-- Data provided --
§ §

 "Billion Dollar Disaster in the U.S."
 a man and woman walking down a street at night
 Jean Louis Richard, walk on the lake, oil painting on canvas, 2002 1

§ §

-- Directions --
Return the full material unchanged.

-- Answer section --
 "Billion Dollar Disaster in the U.S."
 a man and woman walking down a street at night
 Jean Louis Richard, walk on the lake, oil painting on canvas, 2002 1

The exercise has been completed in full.